Un racconto di Alessandra Balla
Numero di battute: 2398
«De puzza non ce se more ma de freddo sì.»
Me lo ripeteva sempre la bon’anima de mi marito, ma io questo so fà, io so pulì. De ’sta Roma bella, de ’sta Roma dei ricchi, ho visto tutti i cessi. Ho rassettato i letti con le lenzuola pulite, che poi sò più grigie e zozze de quelle de noi poveracci. Ormai da quarant’anni mi sveglio tutte le mattine alle 5, per dare il buongiorno al Colosseo e ai figli degli altri. Per il mio non ce stavo mai. Alle 8 quando Marco s’alzava per andare a scuola, io già avevo fatto due ore di lavoro. Bruno stava dentro al bar con le mani sporche de fumo e i caffè da servì al banco. ’Na vita de sacrifici, con pochi spicci in tasca e tante scale da lavà.
«Buongiorno, signora Adele» me dicevano. Ma io signora non ce so’ mai stata. Ero signora solo pe’ mi marito. Signora me chiamava il commercialista e quei quattro avvoltoi che c’hanno tolto tutto.
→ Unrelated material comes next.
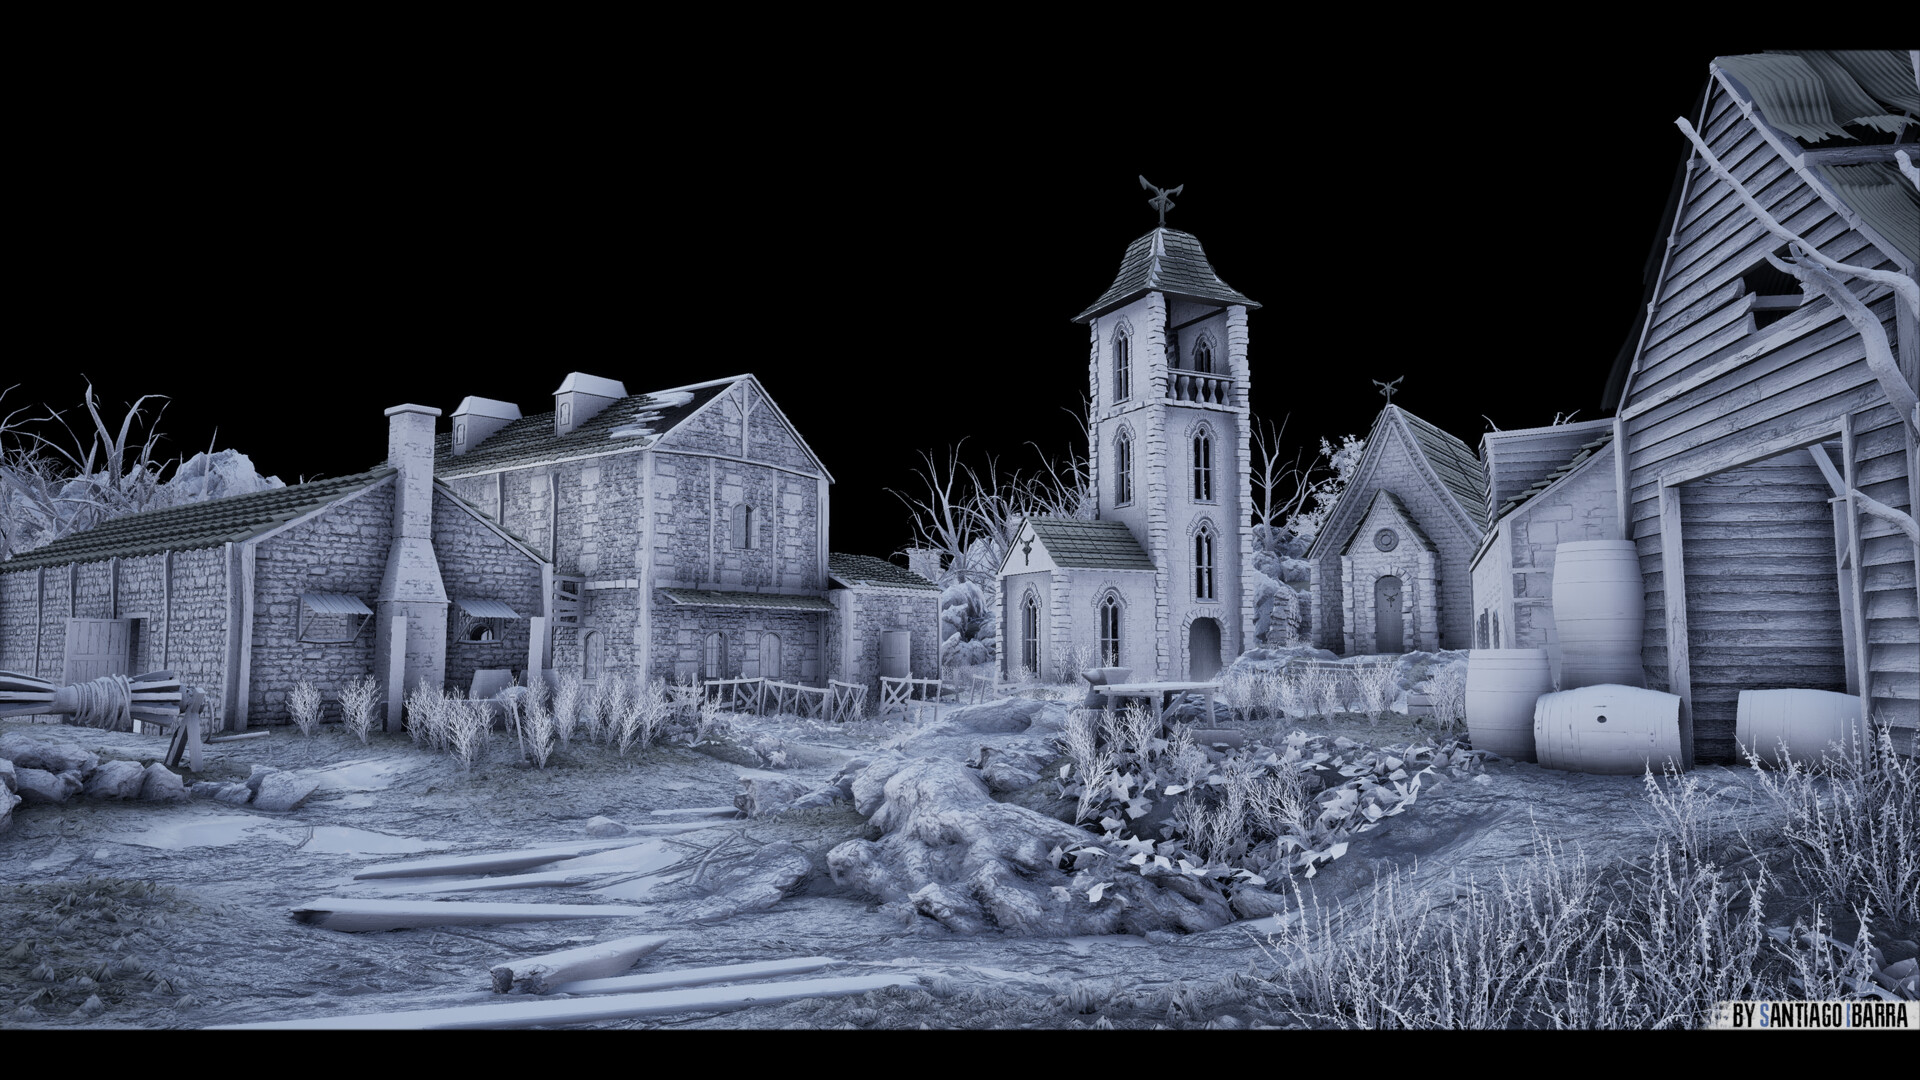 ArtStation - Resident Evil 4 Village

«Ma io signora non ce so’ mai stata.»
La domenica era ’na festa. Preparavo la lasagna e la portavo al bar. Magnava de core pure quel ragazzetto secco secco che aiutava nelle mansioni mi marito. Ci mettevamo seduti a un tavolino e ce sembrava de stà al ristorante. E poi Bruno mio faceva er mejo caffè de Roma, mi ci metteva sopra la panna e diceva che era dolce come me. La domenica era il giorno del Signore pure per noi poveracci. Dopo pranzo accompagnavo Marco al parco. Mica giocava, se ne stava seduto a leggè con le gambe incrociate. A Brunetto mio più de ’na volta me so’ permessa de confessà che ’sto figlio nostro non era normale come gli altri, ma lui mentre fumava me tranquillizzava: «Non te preoccupà, ’sto figlio der barista c’ha er cervello de’n astronauta».
E c’aveva ragione. Quando vedo Marco in giacca e cravatta venì qua a casa la domenica, me se fanno l’occhi grossi grossi e me commuovo. Marco fa il dottore e a quei ricchi che gli ho pulito i cessi mò lui gli salva il culo, ma lo salva pure ai poveracci come noi che in questa Roma bella non smettono de sperà.
Con le mani un po’ accartocciate e non più svelte come ’na volta, io a pulì so ancora brava. Sto a servizio dalla signora Matilde. Una signora vera per classe e sciccheria. Ma tutte le mattine, dopo che il sole s’alza con me alle 5, come ’sti quarant’anni passati, vado a dà il buongiorno al Colosseo, lo saluto e gli tiro un bacio pure pe’ Bruno mio. Io questo so fà. Io so pulì.
«Ade’, quando me moro, me raccomando, salutame er Colosseo e digli che gli ho voluto bene.»
Alessandra Balla (1990) è nata a Tivoli e vive a Roma. Laureata in Editoria e Scrittura è giornalista pubblicista. Ha lavorato per la redazione cultura de La Repubblica e in diverse riviste di cinema e spettacolo. Questo è il suo primo racconto.